Син сам не успевал понимать, что говорит. Создалось впечатление, будто бы им снова управляют, но этот контроль чувствовался по-иному. Если от управления отца ему было слегка дискомфортно, то в данный момент он ощущал странное тепло в груди, которое медленно растекалось по всему телу.

— Как ты вообще можешь сейчас так говорить? — Густавсон был поражён. — Разве ты не напуган? Не сломлен? Не уничтожен? Почему ты продолжаешь бороться даже после того, как узнал всю правду?

— Я чертовски напуган, Потрошитель, — признался Син, опустив голову. — Честно говоря, ещё пару минут назад мне хотелось просто… сдохнуть. Не было желания продолжать жить, особенно когда понимаешь, что всё это время все твои мысли, слова и действия принадлежали не тебе. Собственно, я и сейчас не знаю, что делать, как говорить и какие эмоции выражать. Всё в один момент стало… каким-то чересчур сложным, — подросток поднял взгляд вверх и посмотрел на яркие лампы слегка влажными глазами. — По правде говоря, когда он всё рассказал, мне хотелось просто протянуть ему руку и дать ему сделать со мной всё, что он только пожелает. В конце концов, я с самого начала был только его игрушкой, так что ничего бы в моей жизни не поменялось. Наверное, он бы стёр мне память о себе, своей причуде и своих действиях, чтобы я был более уверенным в его приказах, которые бы считал своей волей и своими желаниями. И знаешь, я был почти близок к этому решению, но… что-то внутри меня продолжало бороться. Какой-то… неизвестный мне голос прозвучал в голове, и он просил меня не сдаваться. Он показался мне знакомым, хоть и слышал я его впервые, но именно этот голос помог мне не впасть в бездну окончательно. В добавок, когда я увидел Грима и услышал его слова, что-то внутри меня щёлкнуло. Голос не звучал, но вот в груди появилось странное тепло, которое я ощущаю до сих пор. Видимо, это из-за того, что он назвал меня своим внуком, — парень слегка поёжился. — Не знаю, что это означает, но его слова, безусловно, внесли свой вклад в моё «пробуждение». И теперь, когда я хоть немного соображаю, мне кажется, что я должен вновь побороться с отцом и постараться его победить.

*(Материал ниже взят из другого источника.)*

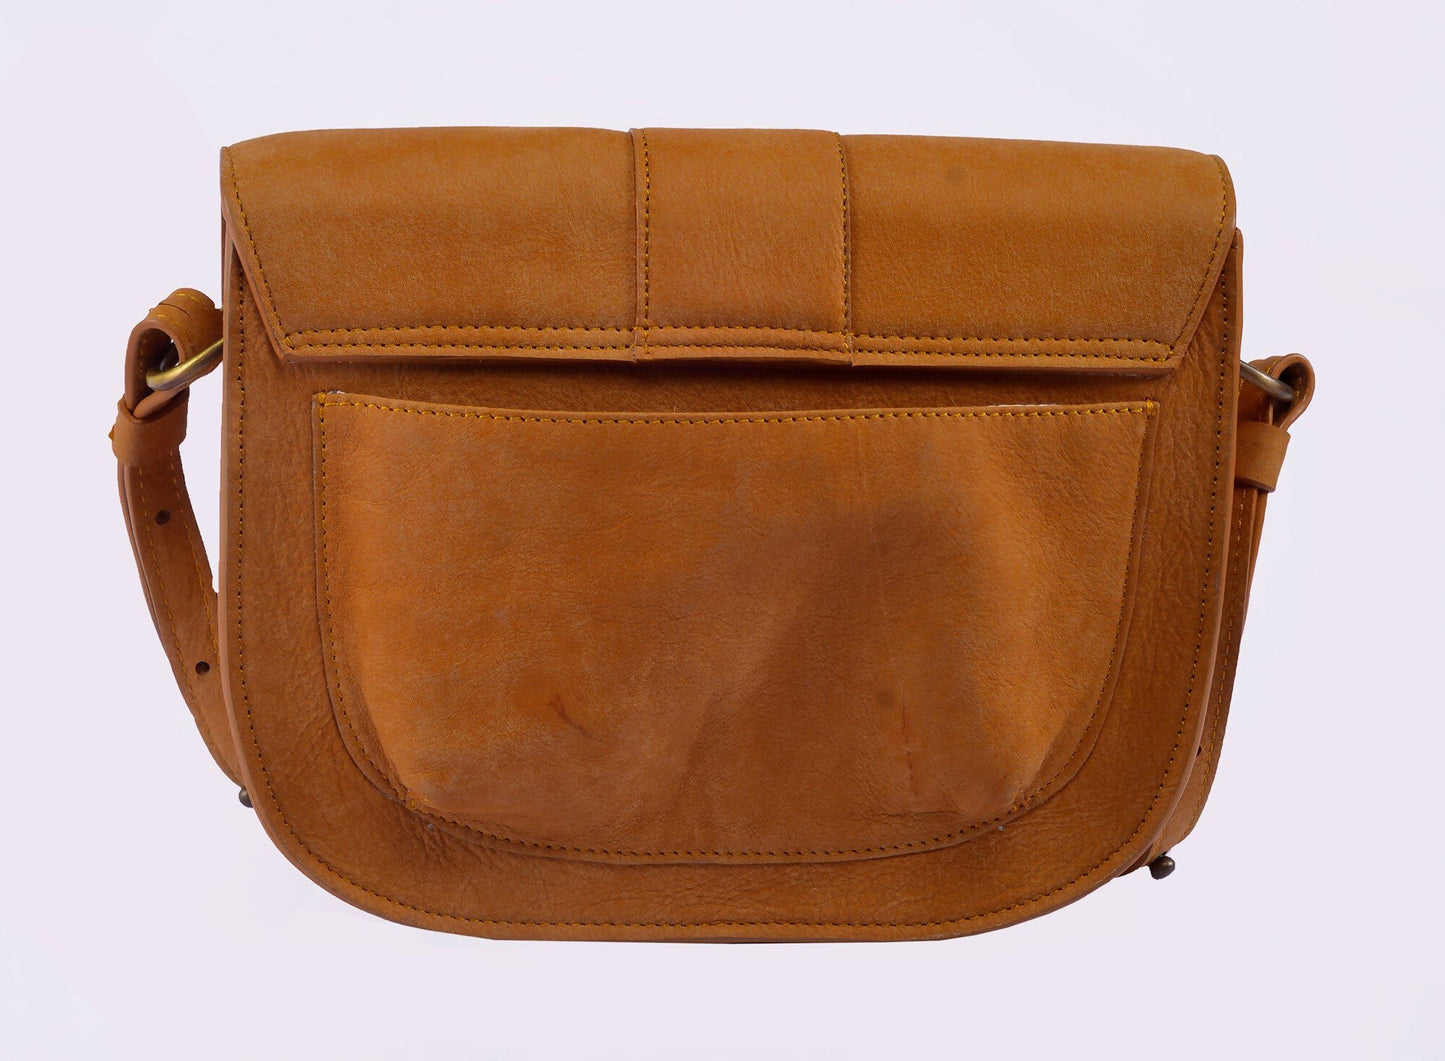 The Saddle Bag for your inner Cow Girl.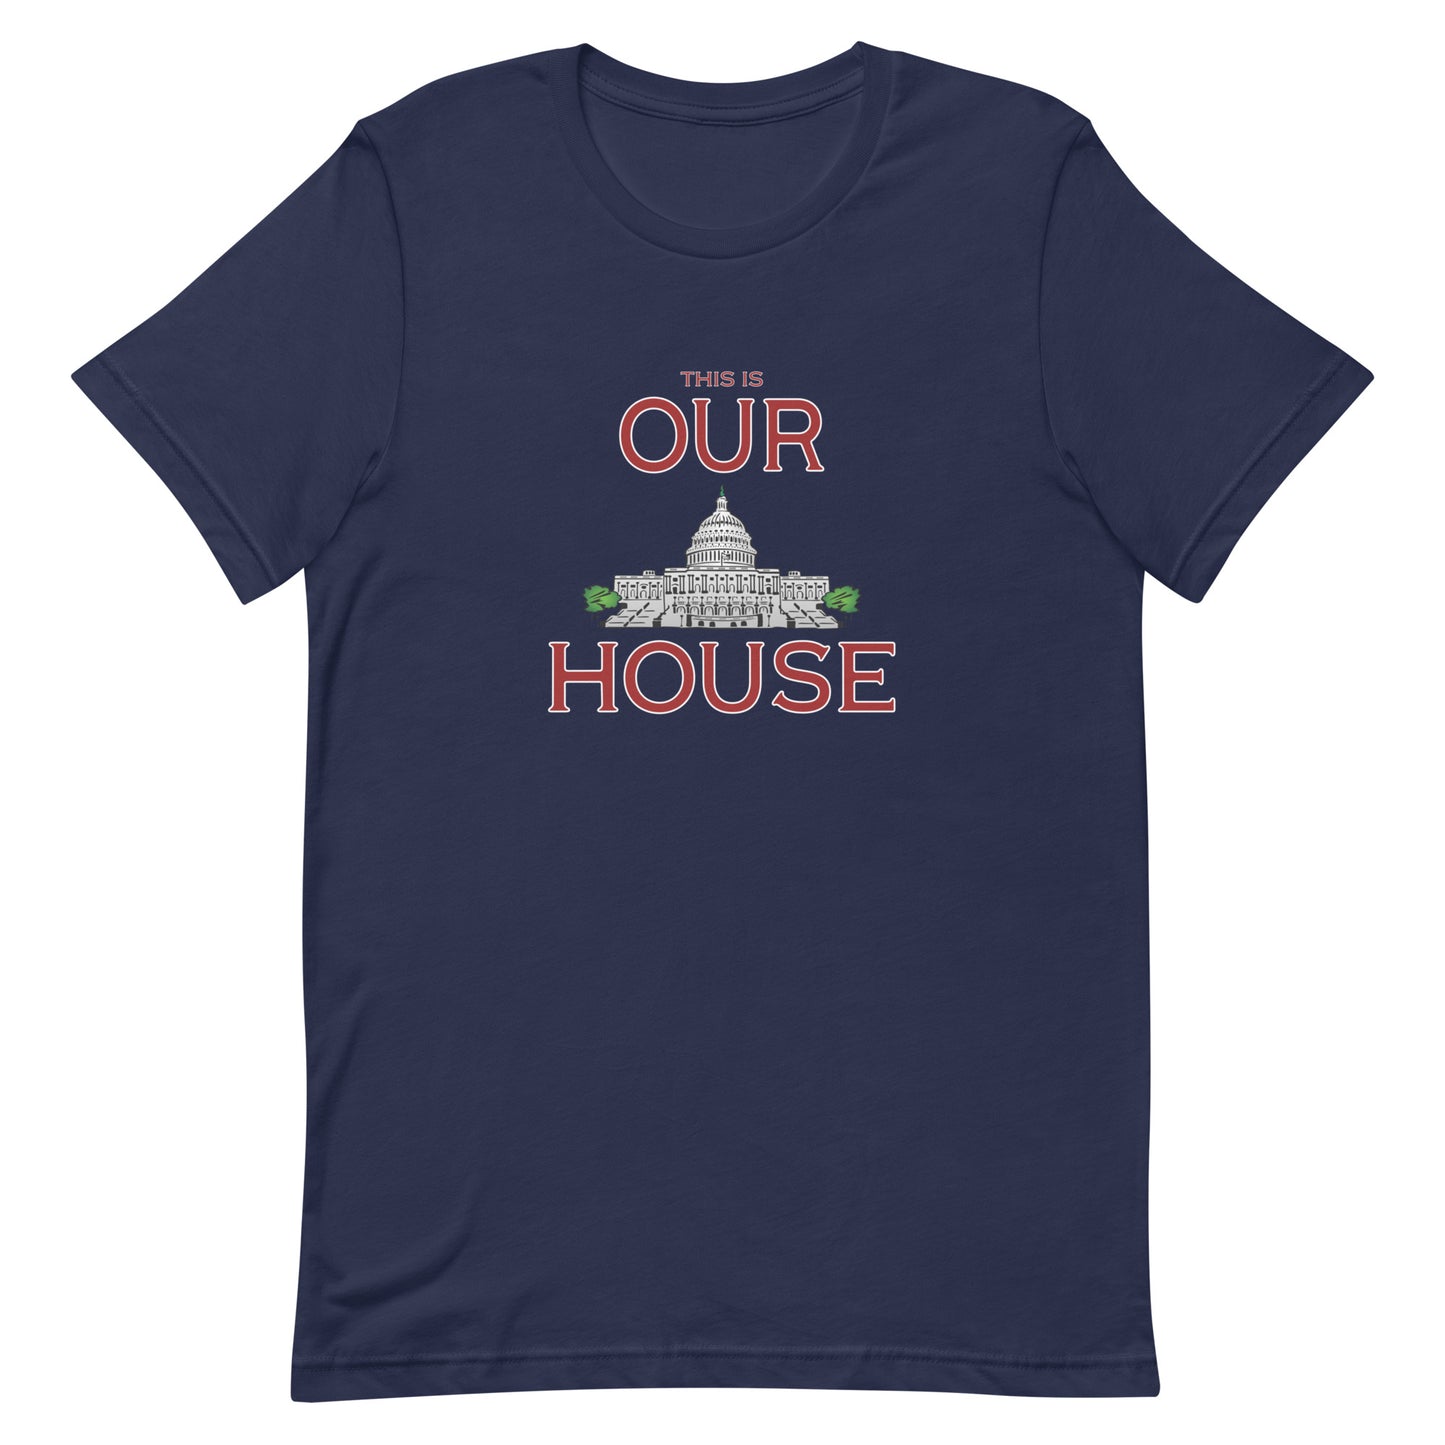 Our House T-shirt

На лице подростка была лёгкая улыбка, что излучала слабое тепло, а из правого его глаза потекла маленькая и одинокая слеза. Заметив появление последней, Айкава быстро стёр её рукой. Лишь на секунду на его лице можно было увидеть неслабое удивление, но через мгновение оно заменилось обычным серьёзным выражением.

— Не знаю, что будет дальше. Быть может, мне удастся победить отца, и тогда я обрету свободу, которую никогда не имел, — юный злодей поднялся на ноги и слегка размялся. — Но может быть и такое, что я проиграю, и в таком случае мне хочется верить, что я успею прикончить себя раньше, чем он успеет взять меня под полный контроль.

— Ты даже готов умереть, чтобы не дать ему управлять тобой? — потрясённо спросил Густавсон.

— Вся моя жизнь — ложь, которой управлял отец. Мне кажется, что, учитывая это, ей можно легко пожертвовать, ибо никакой ценности она уже не имеет. Тем не менее,— Син позволил себе ухмыльнуться, — я не собираюсь просто так прощаться с ней. По крайней мере, ровно до того момента, пока не убью этого ублюдка, что, будучи самым слабым, никчёмным и просто трусом, повесил вину на всех, кроме него самого. Даже жену свою убил лишь из-за того, что та оказалась смелее и сильнее его. Грех будет не забрать такого с собой, если всё же мне предстоит сегодня умереть.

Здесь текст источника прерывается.